Given material:
[Start of Attachment]

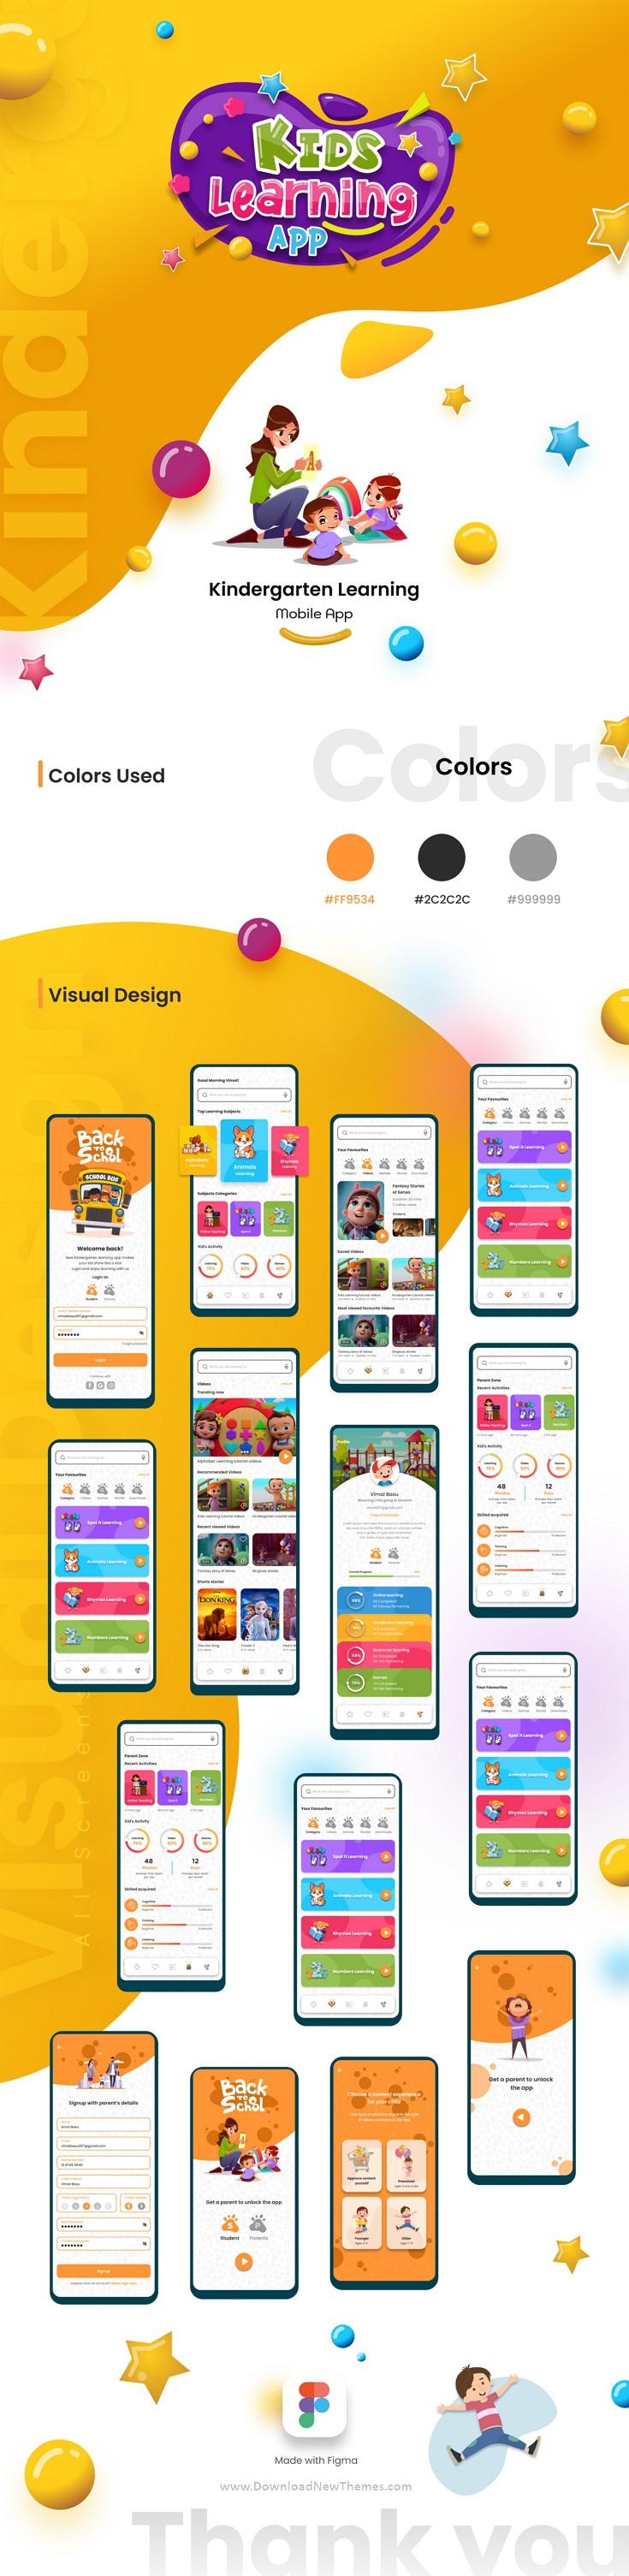 Kids Learning App Figma Template
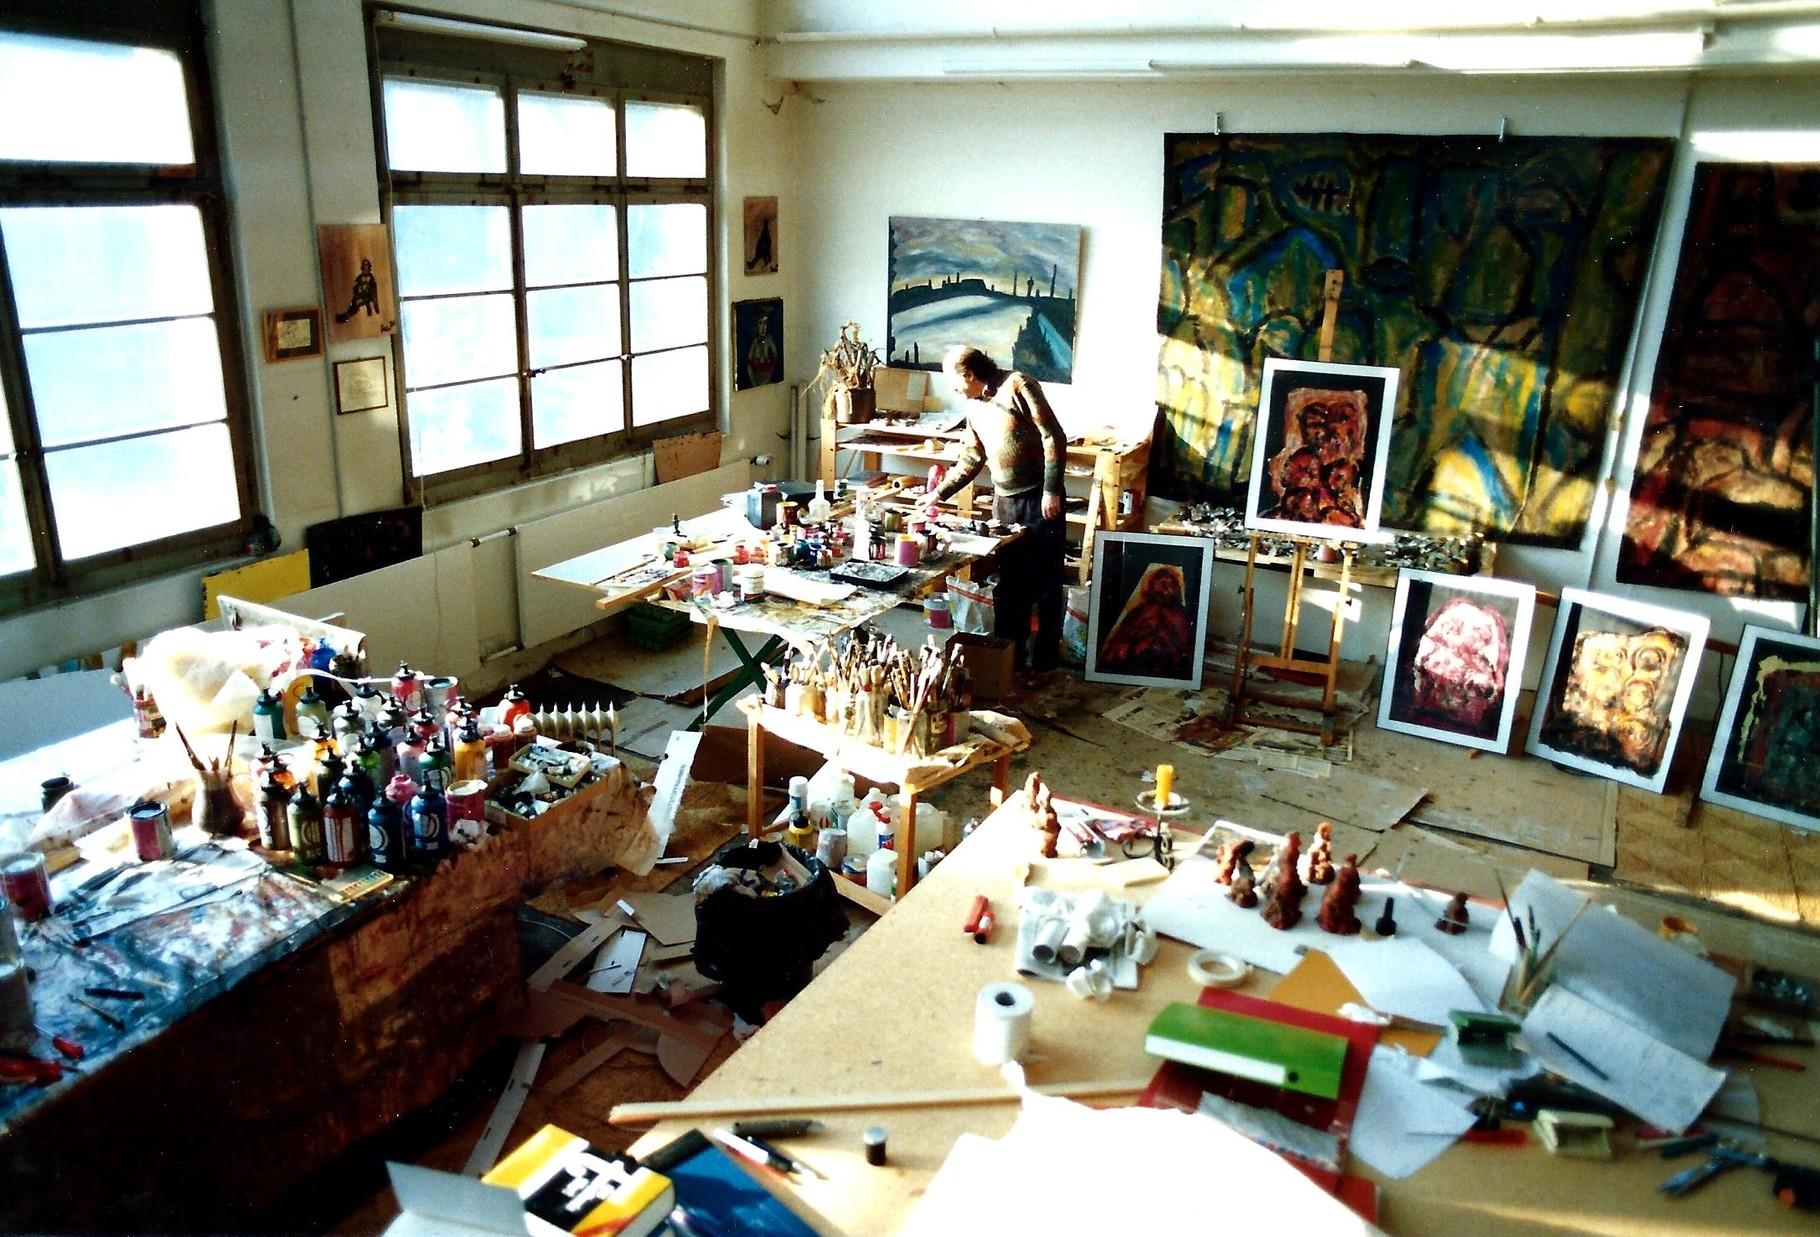 Pedro Meier Multimedia Artist im lichtdurchfluteten Atelier »Alte Gärbi« Aarburg – Die Fenster öffnen den Blick auf die vorbeifliessnde Aare – im Hintergrund riesige Ölbilder auf Sack Jute »Tanzende« – alles verbrannt 2001 –© 1993 Pedro Meier Niederbipp
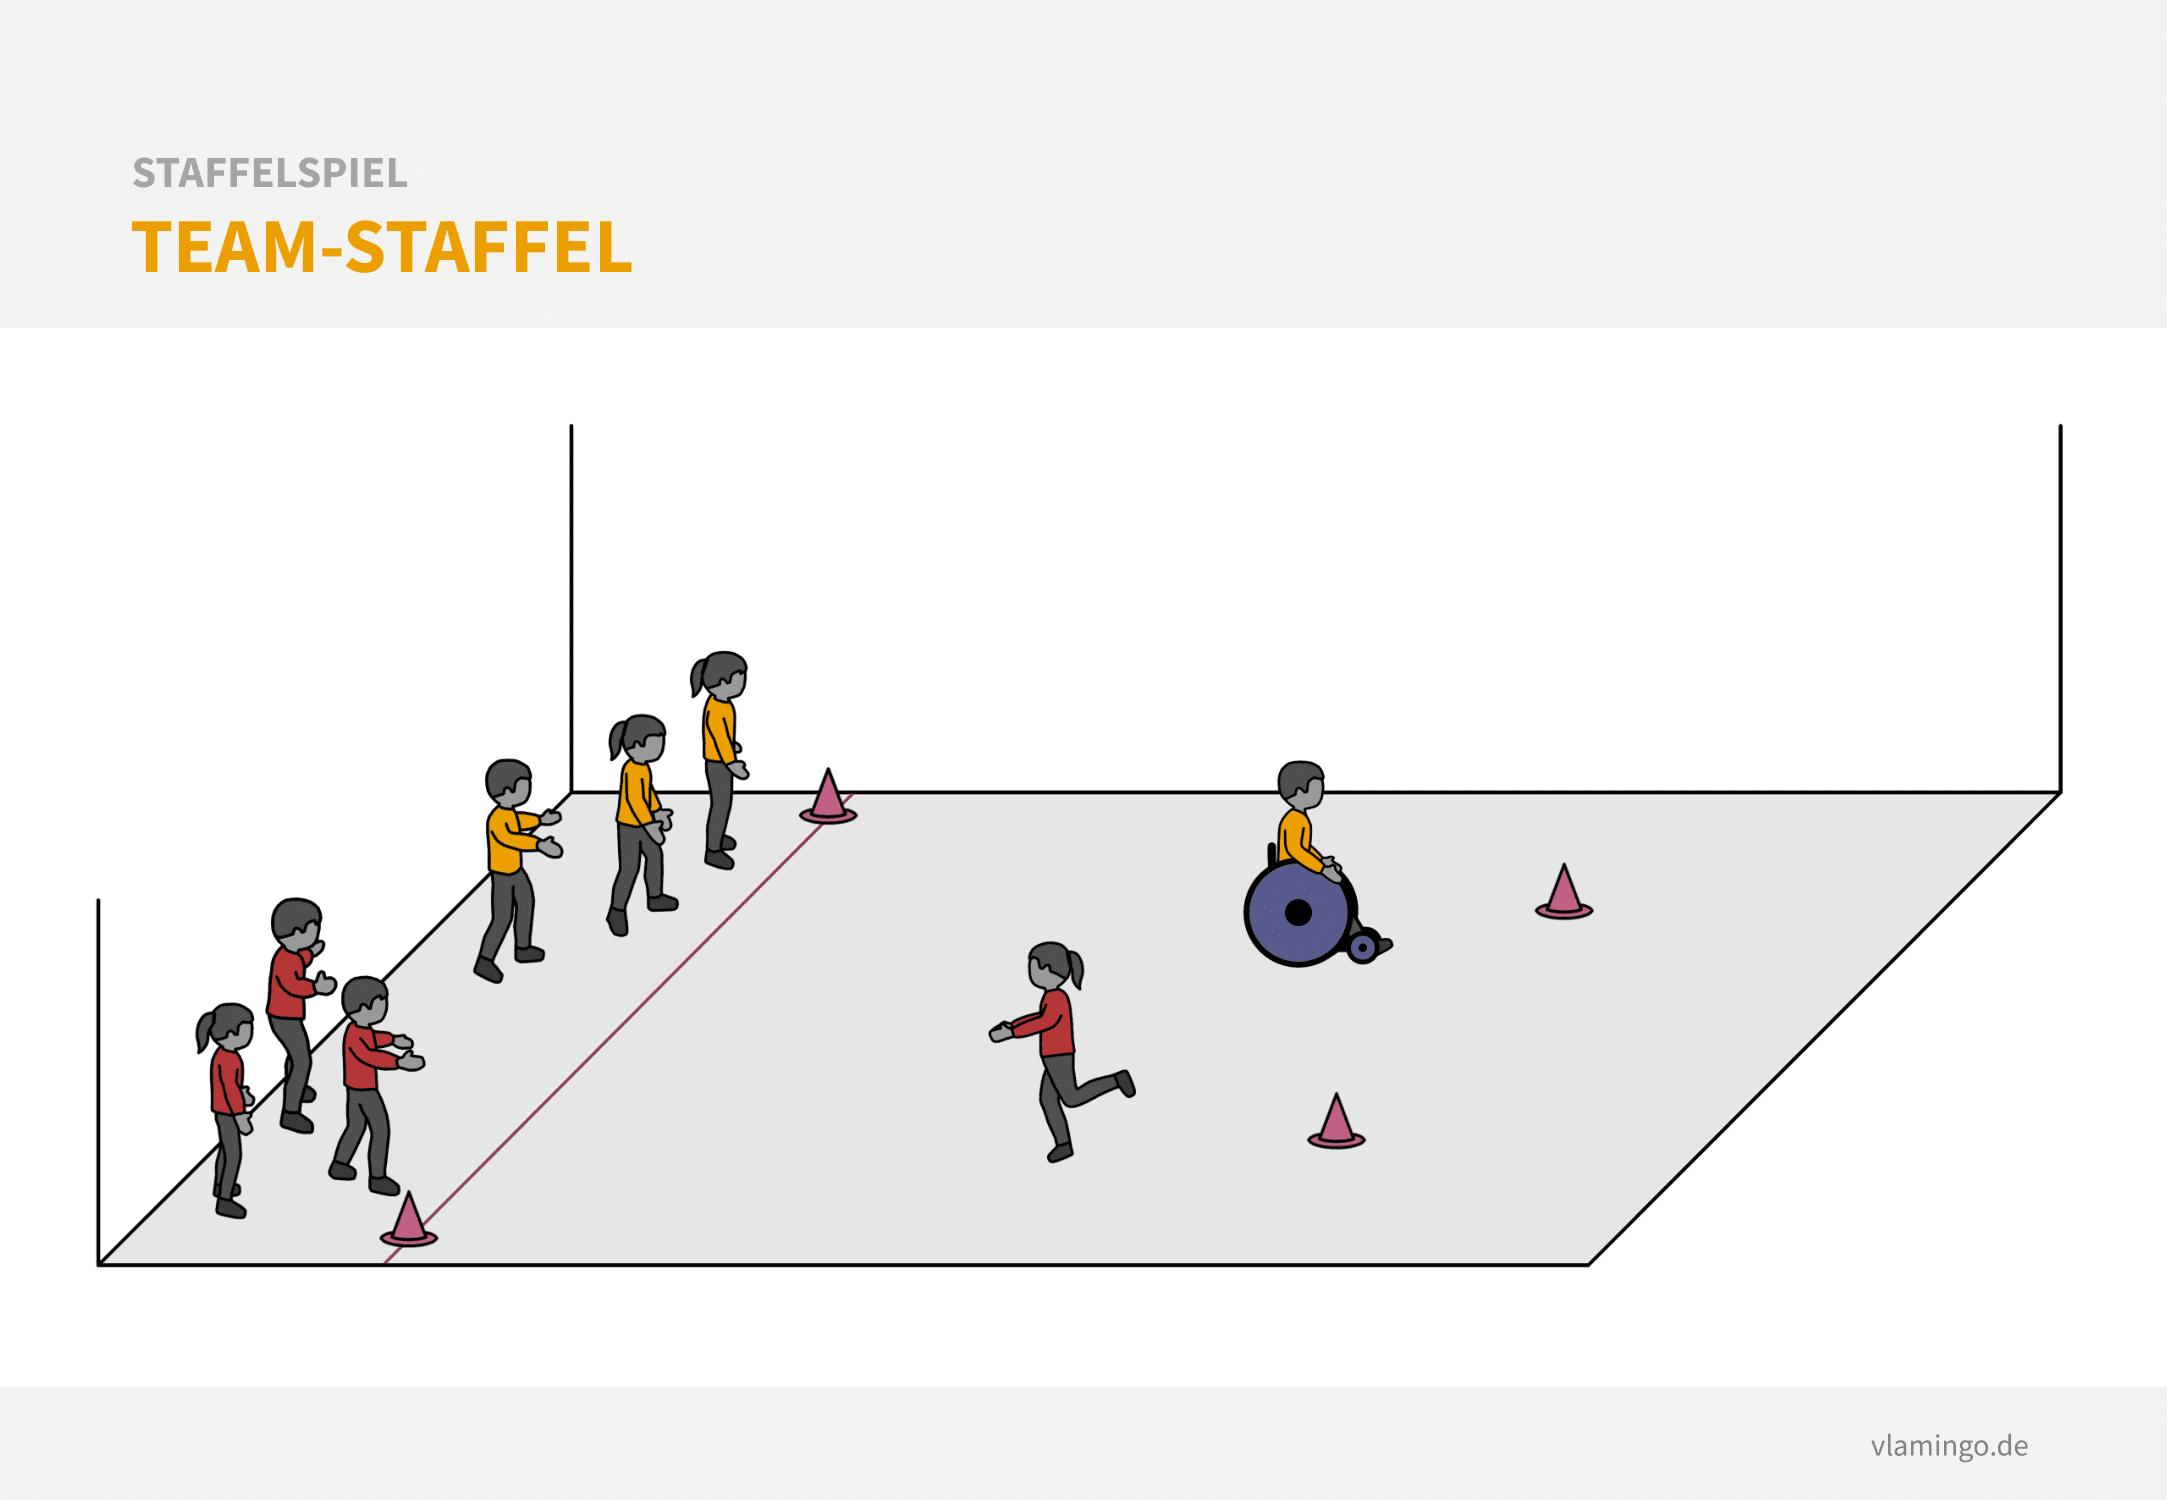 Staffelspiel - Team-Staffel
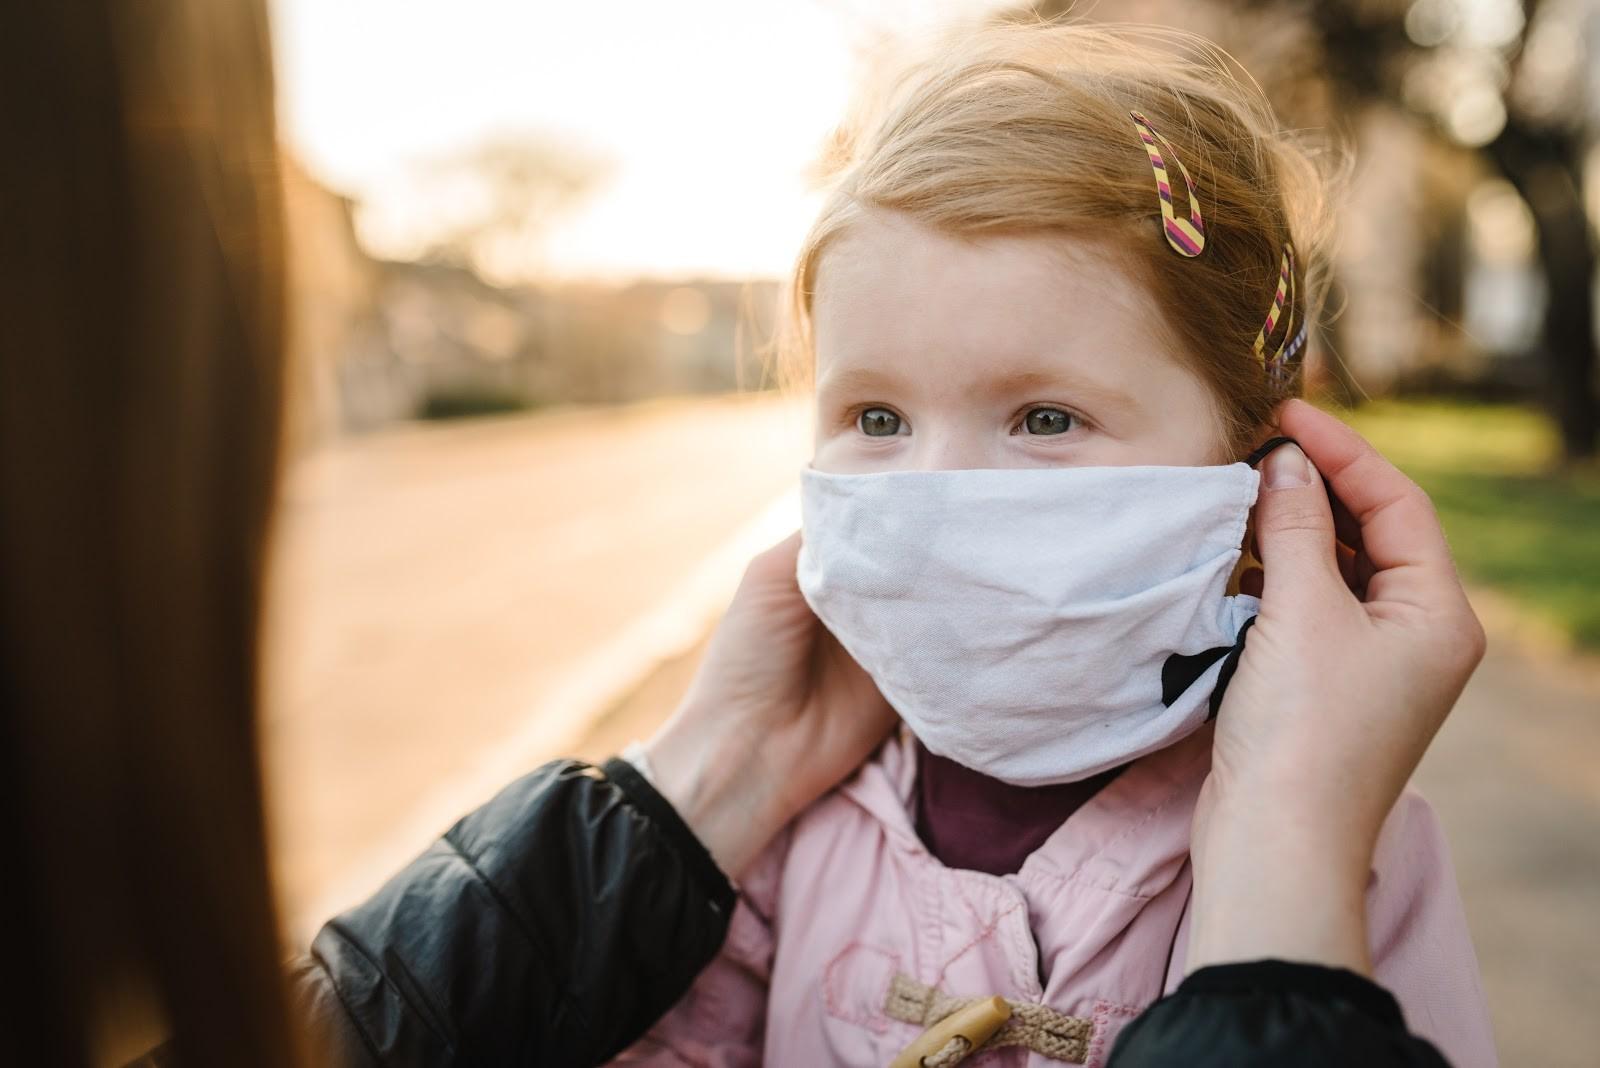 Mãe protegendo a filha colocando mascara nela

[End of Attachment]

How to complete this task: From the material above, write out exactly the lines from the line with "Staffelspiel - Team-Staffel" through the closing line, inclusive, and no pictures.

Task solution:
 Staffelspiel - Team-Staffel
 Mãe protegendo a filha colocando mascara nela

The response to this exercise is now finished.